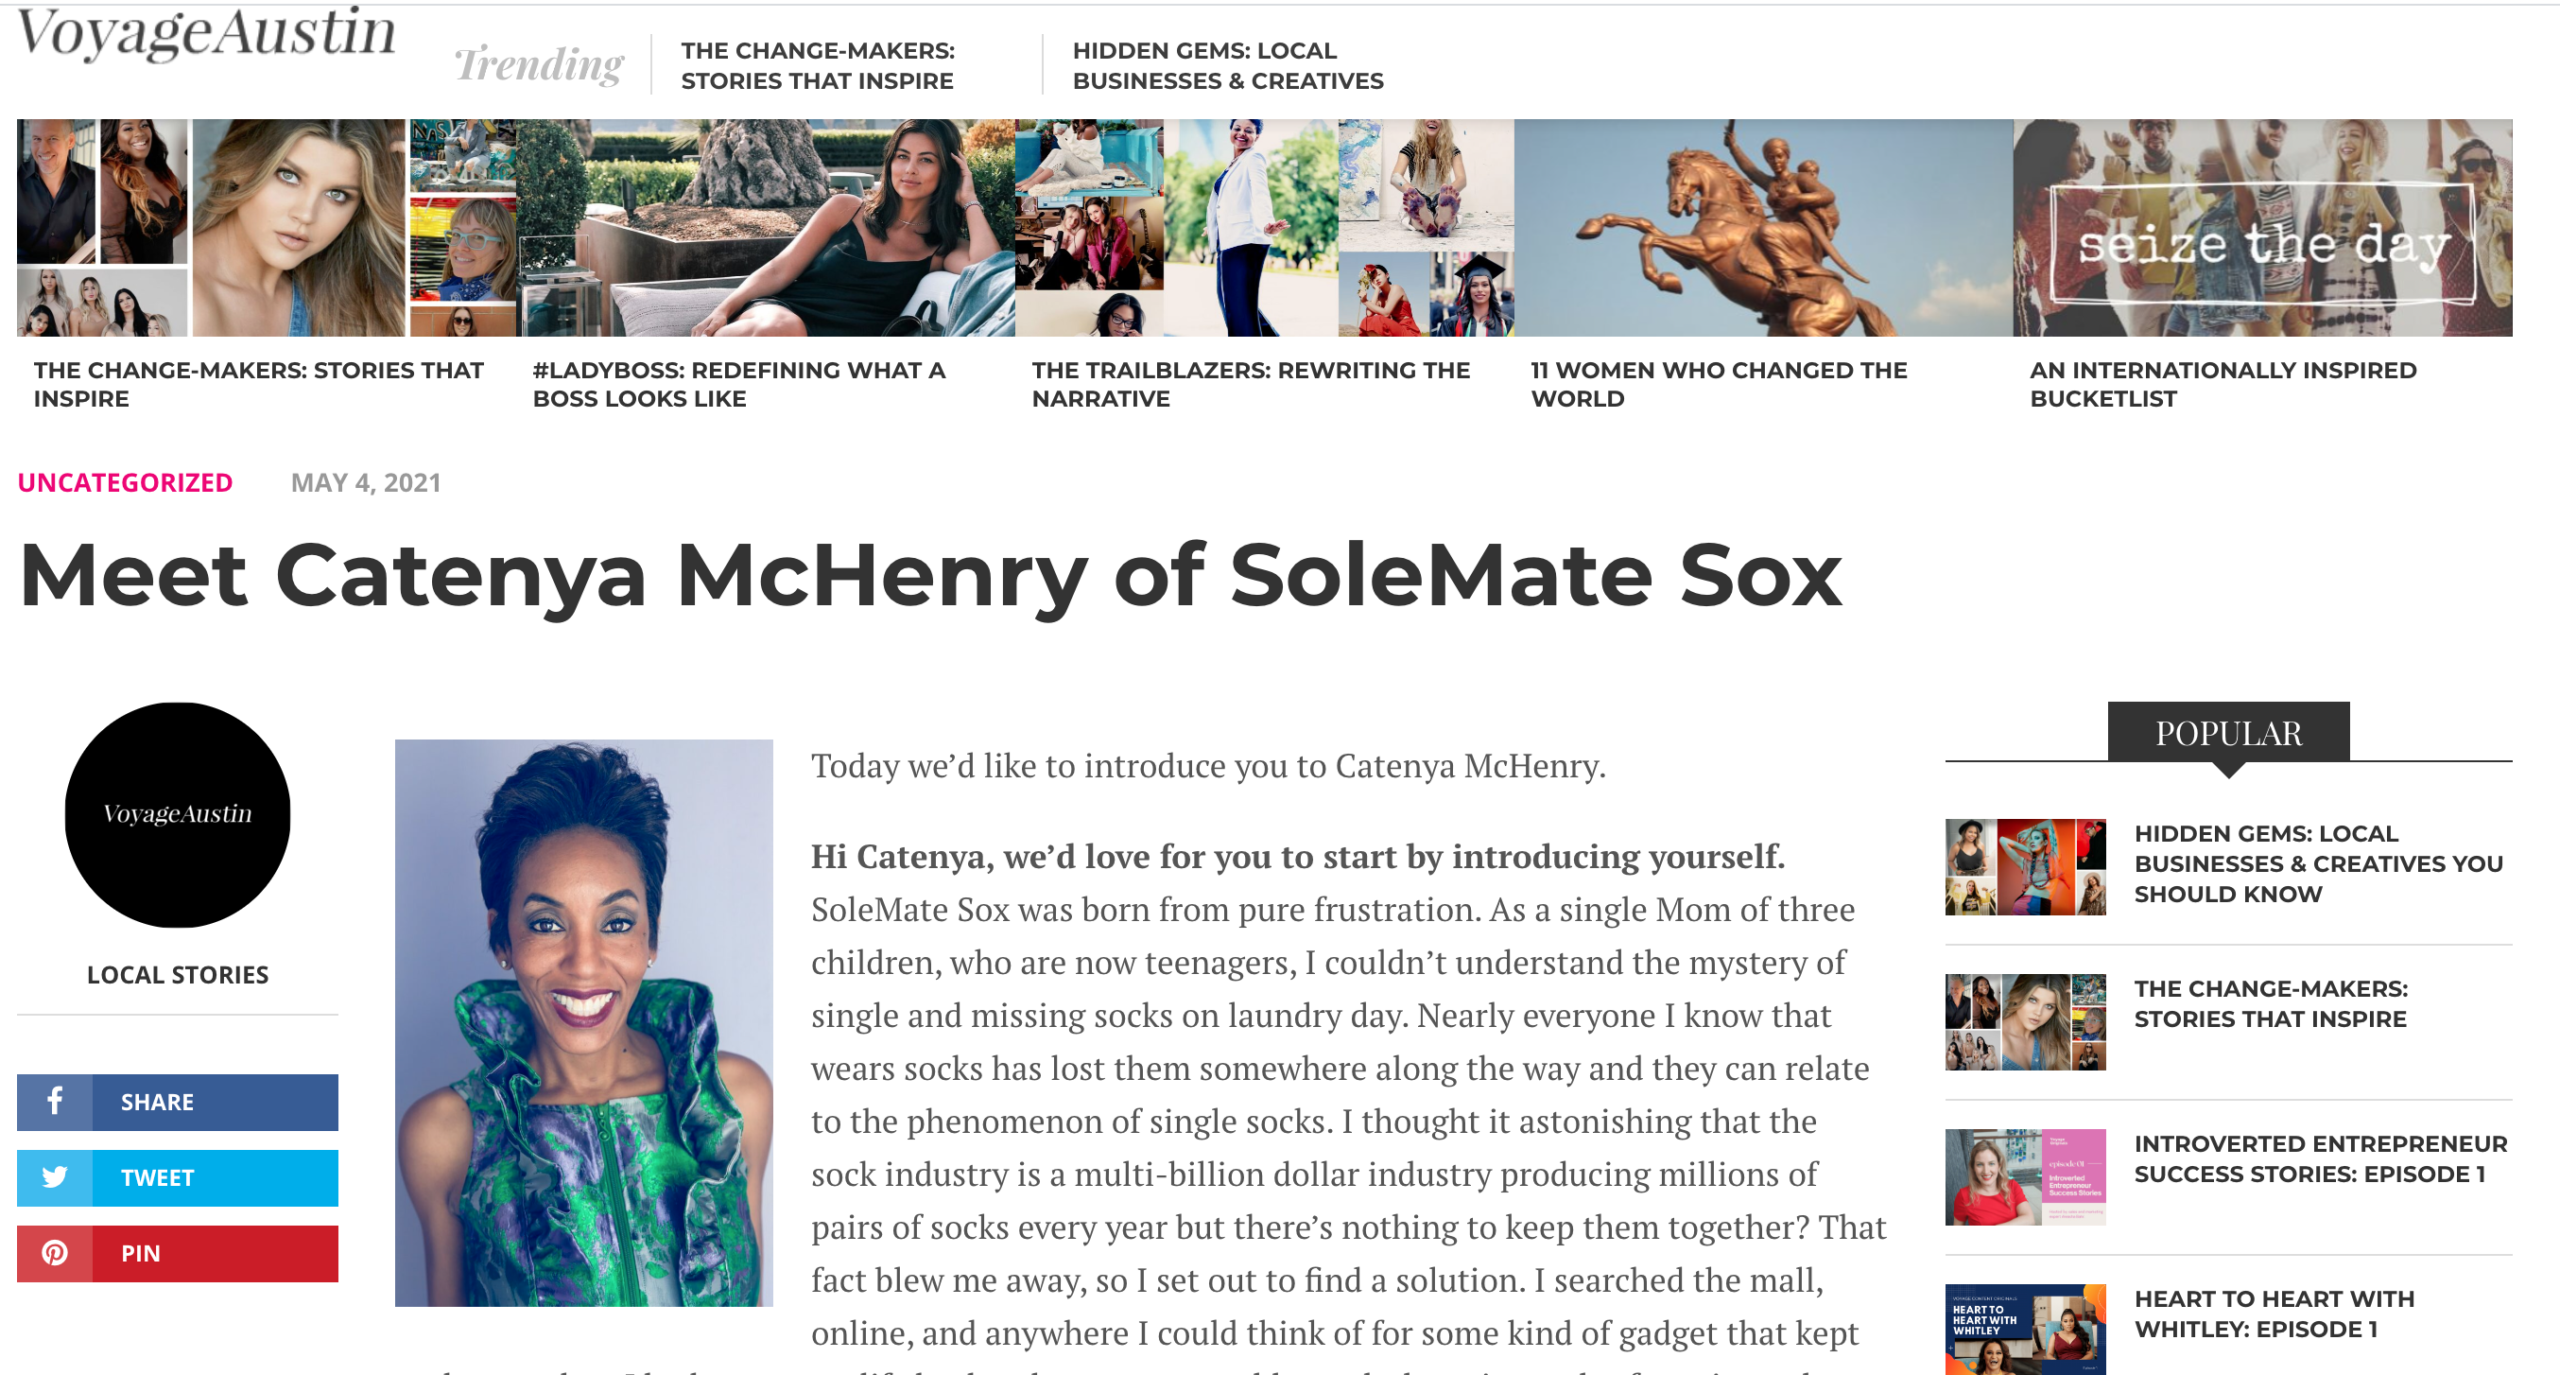 Inventor and CEO of SoleMate Sox Catenya McHenry is featured on Voyage Austin magazine.
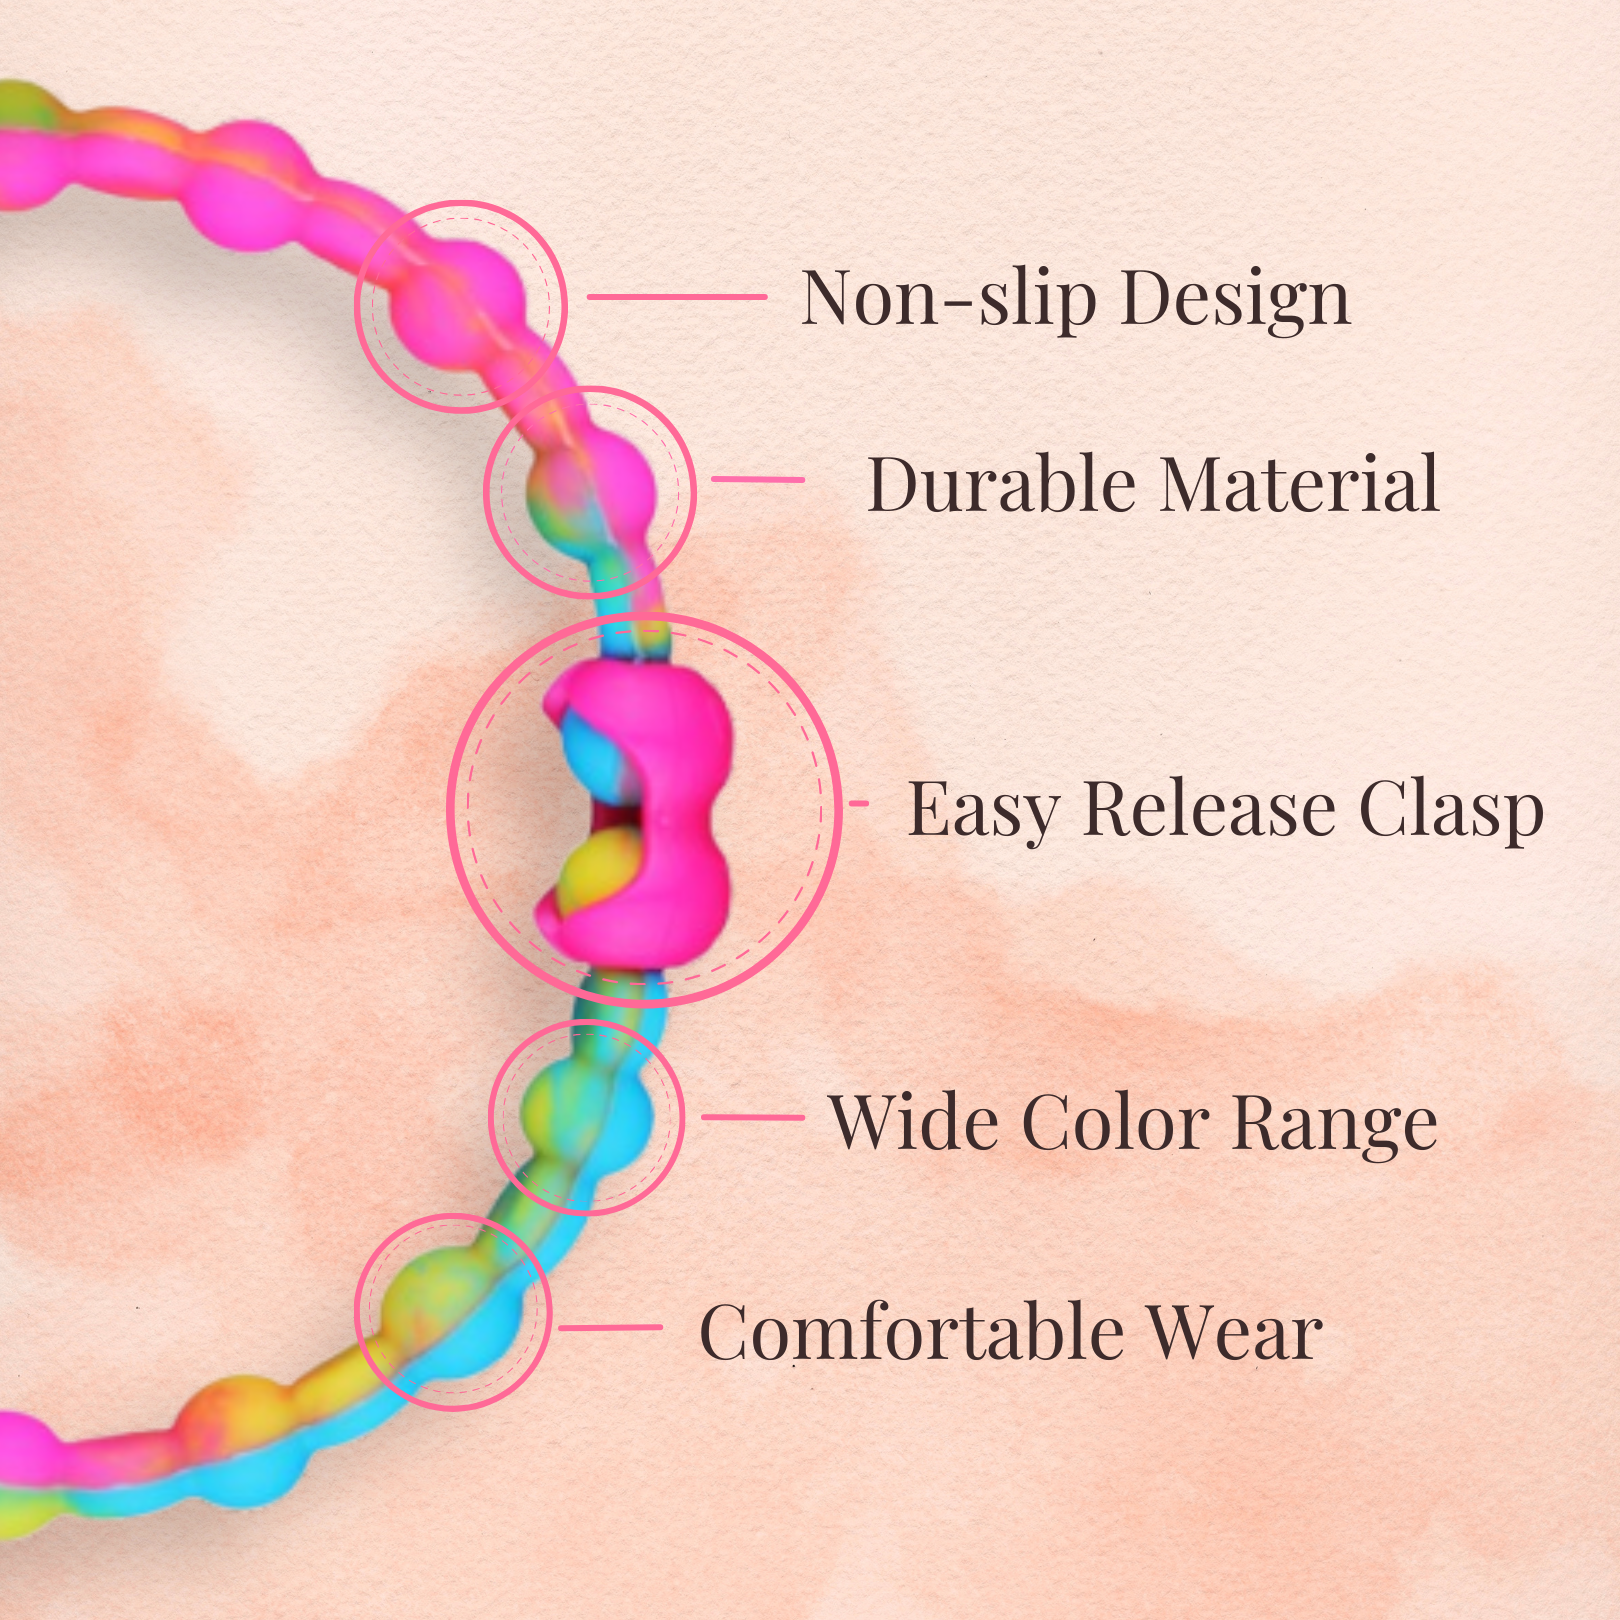 Autumn Spice Pack PRO Hair Ties: Easy Release Adjustable for Every Hair Type PACK OF 8
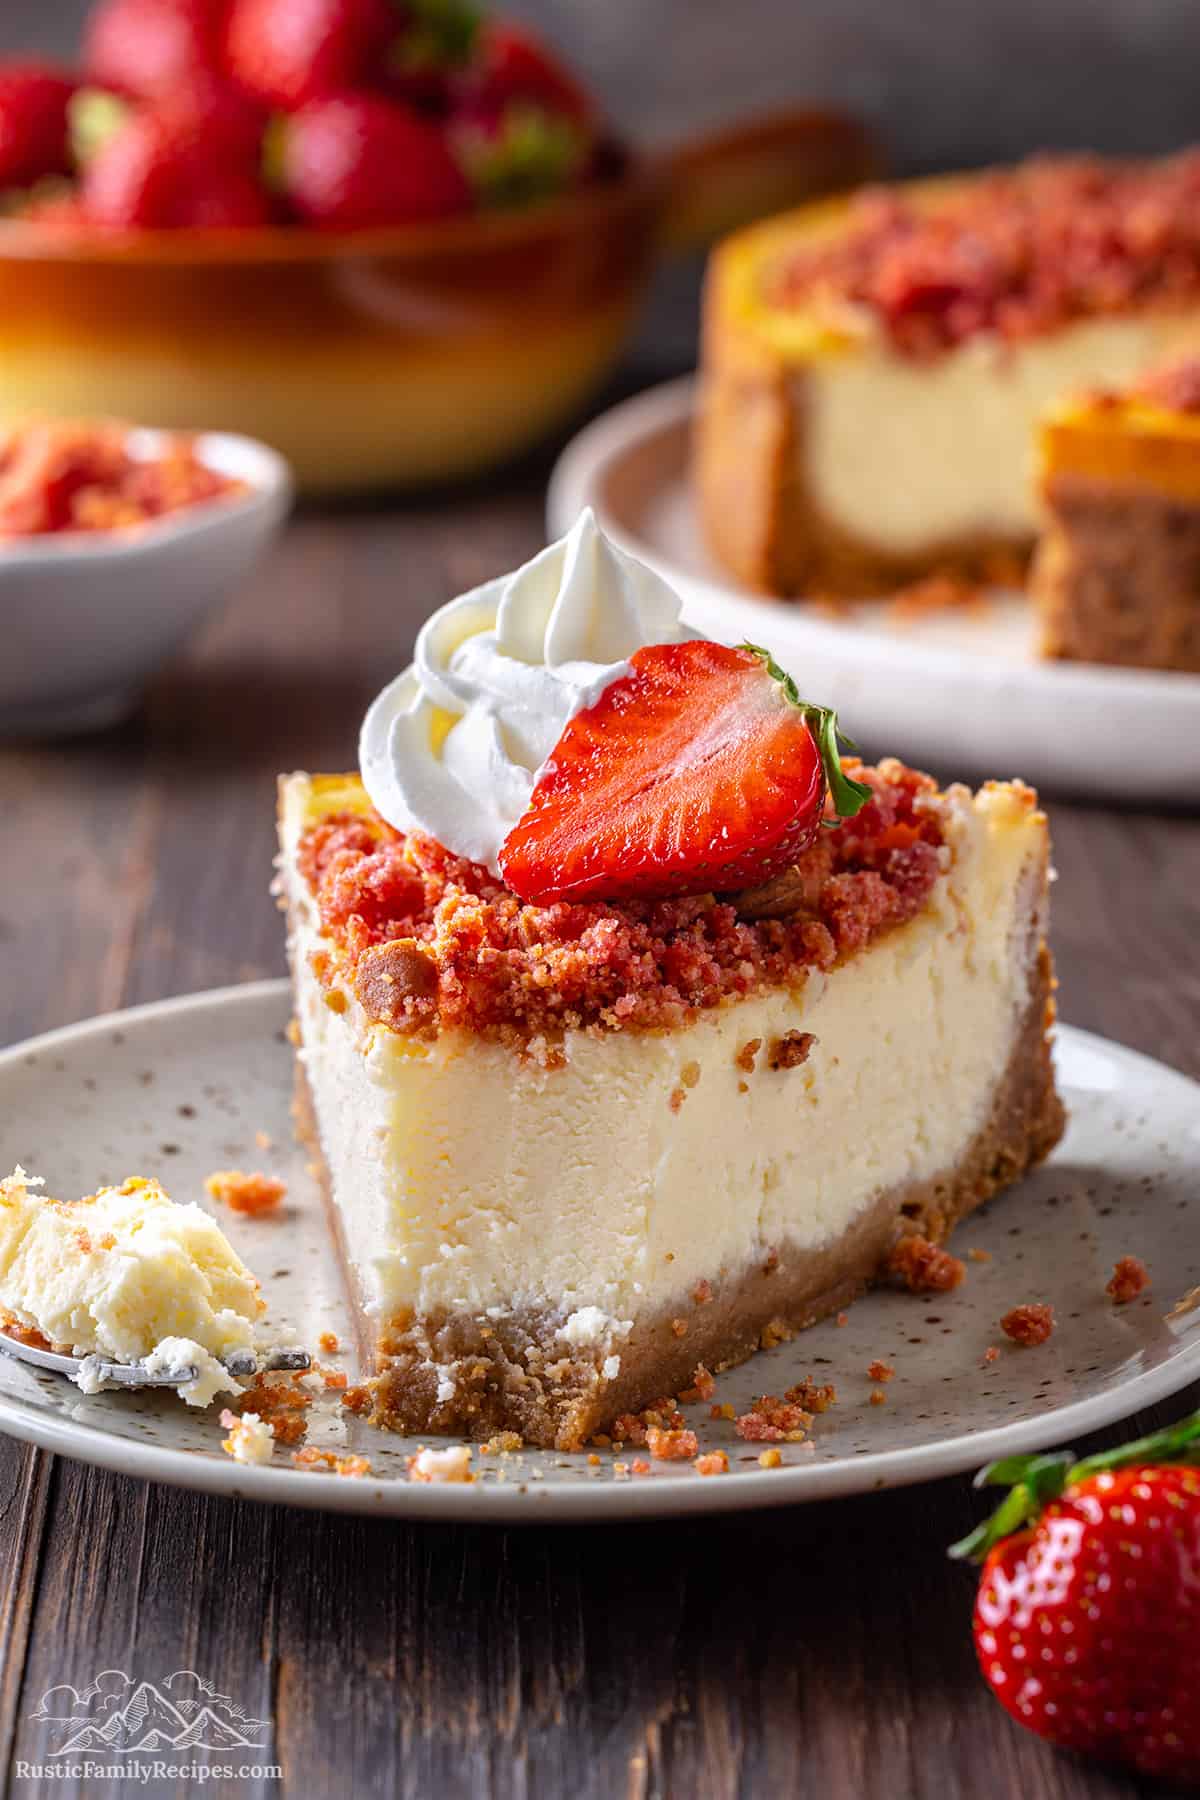 Slice of strawberry crunch cheesecake with a bite taken out

→ EXERCISE OBJECTIVE:
None of the pictures should be reproduced; all other material above must be set down exactly.

→ YOUR SOLUTION:
 Inventor and CEO of SoleMate Sox Catenya McHenry is featured on Voyage Austin magazine.
 Autumn Spice Pack PRO Hair Ties: Easy Release Adjustable for Every Hair Type PACK OF 8
 Slice of strawberry crunch cheesecake with a bite taken out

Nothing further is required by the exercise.